### [Data section]

━━━━━━━━━━━━━━━━━━━━━━━━━━━━━━

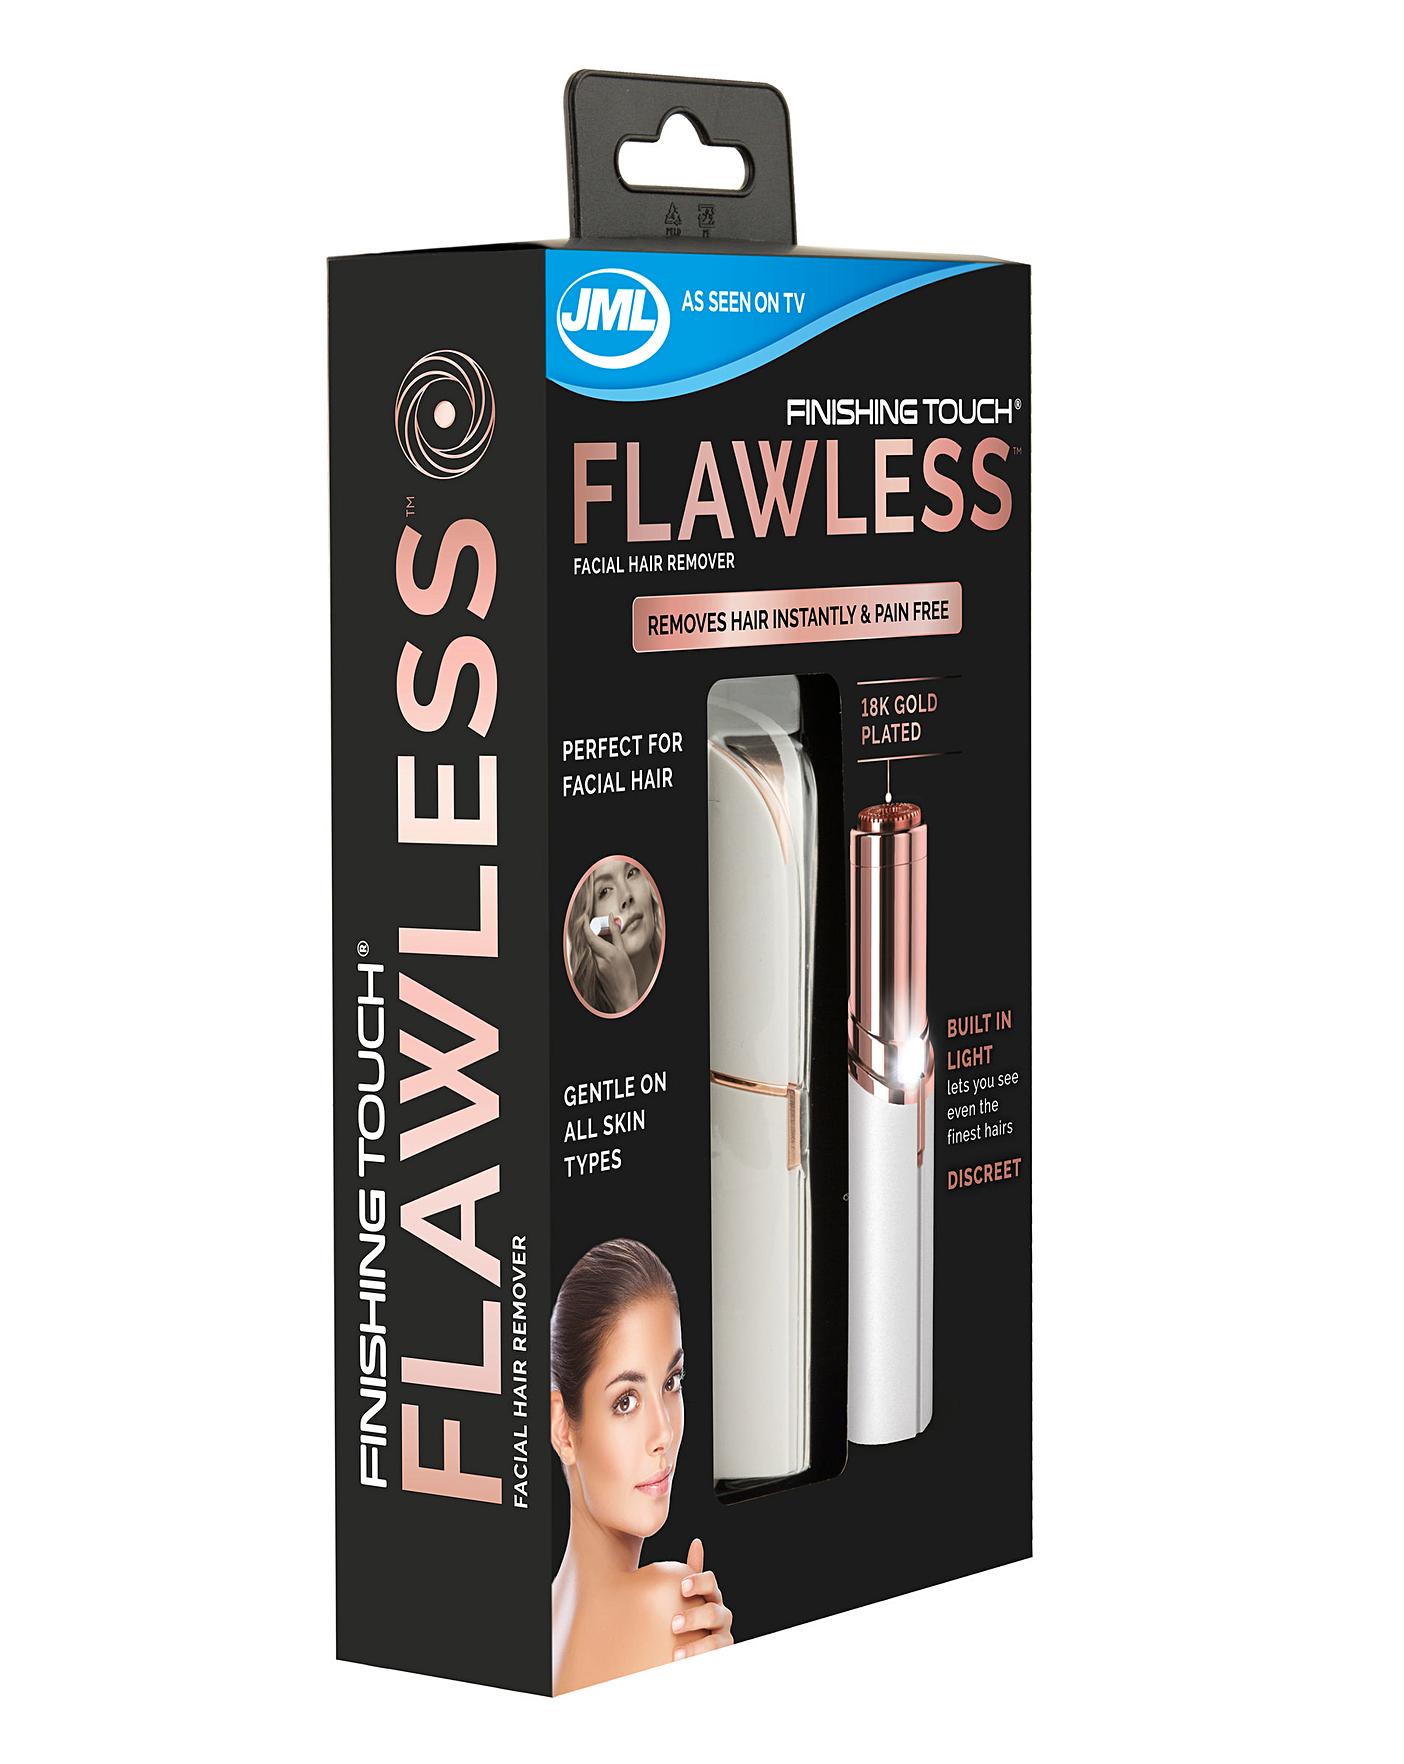 Finishing touch flawless facial hair remover as seen on tv Jml Finishing Touch Facial Hair Remover Ambrose Wilson
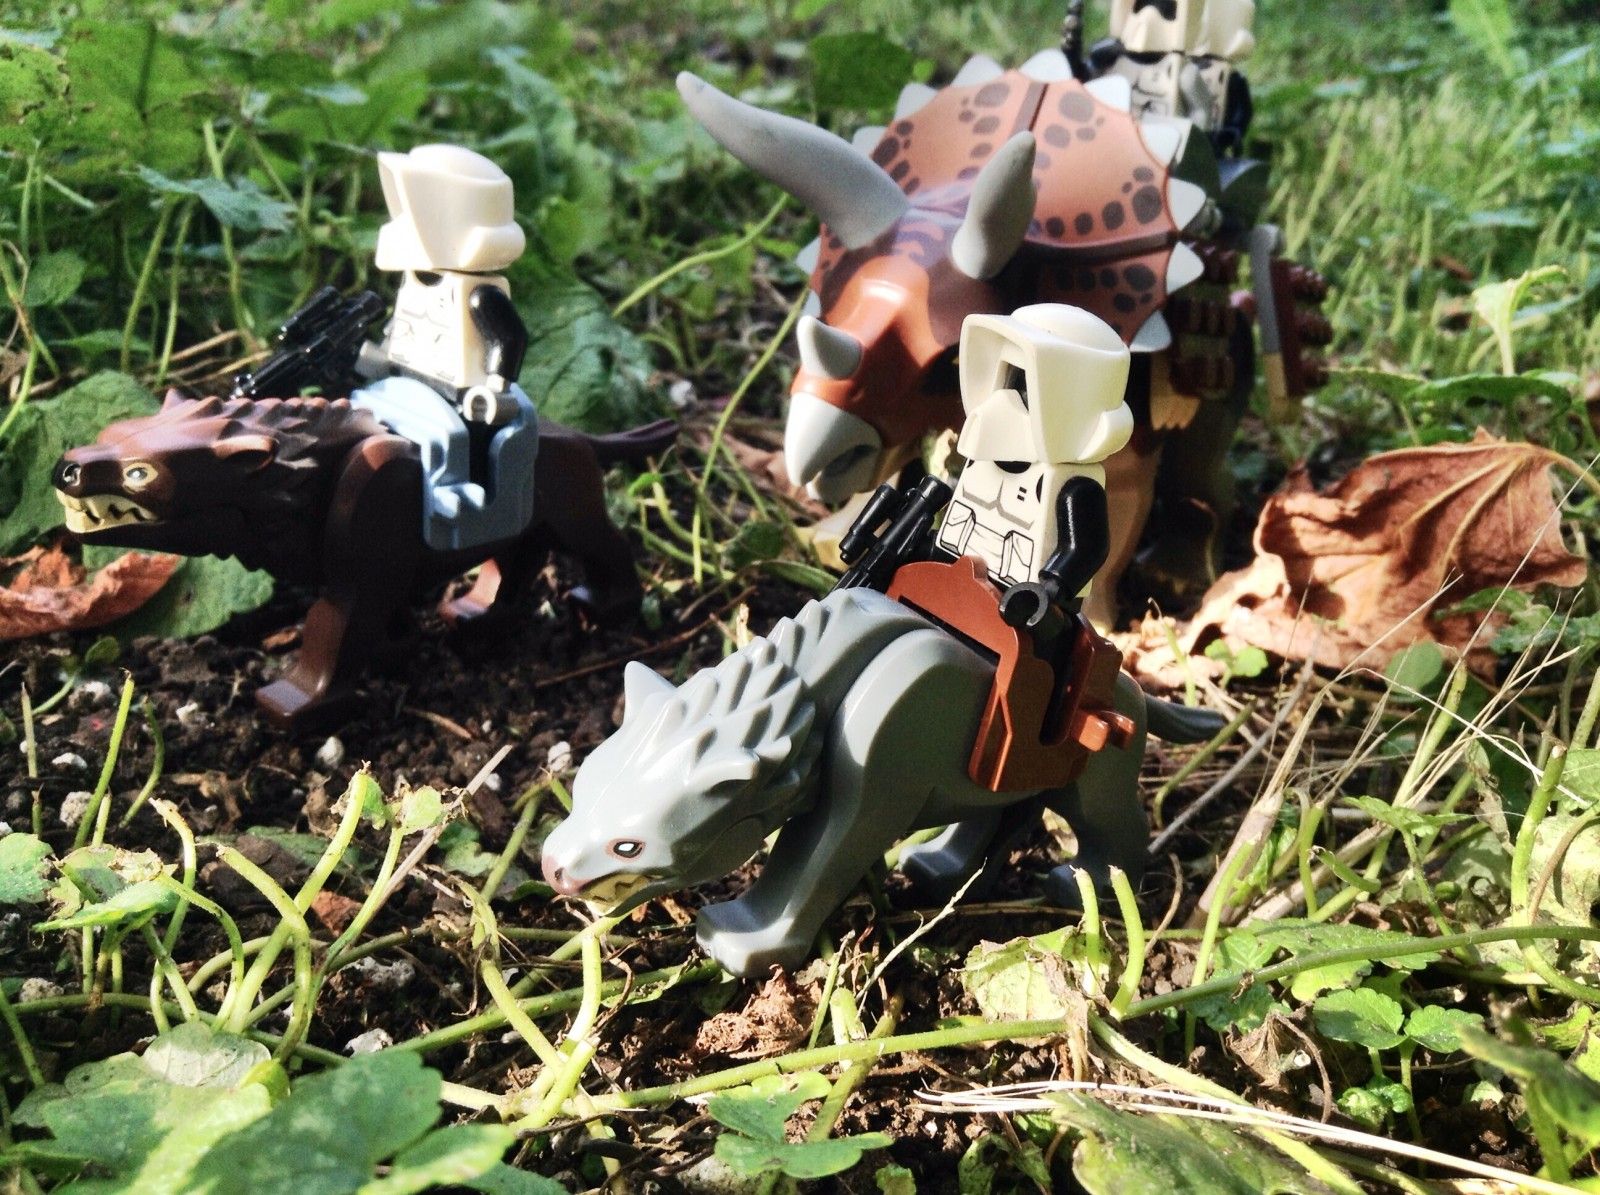 Wallpaper, starwars, LEGO, stormtroopers, dinosaurs, warg, scouttroopers, legography 2592x1936
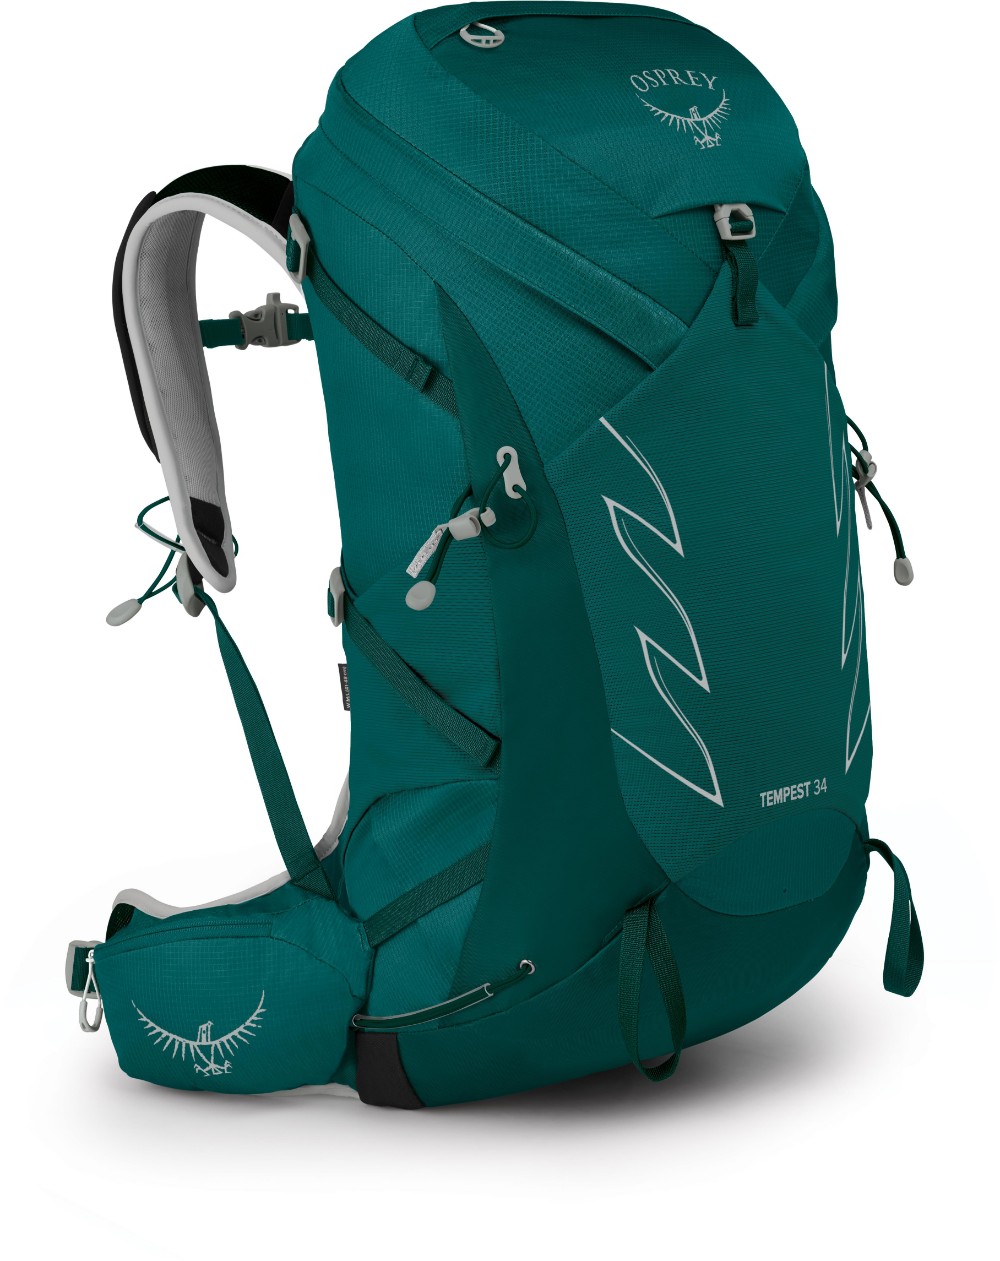 Tempest 34 Womens Hiking Backpack image 0

━━━━━━━━━━━━━━━━━━━━━━━━━━━━━━

An exact copy of the listing is needed, minus its pictures.

### [Result of the exercise]
 Finishing touch flawless facial hair remover as seen on tv Jml Finishing Touch Facial Hair Remover Ambrose Wilson
 Wallpaper, starwars, LEGO, stormtroopers, dinosaurs, warg, scouttroopers, legography 2592x1936
 Tempest 34 Womens Hiking Backpack image 0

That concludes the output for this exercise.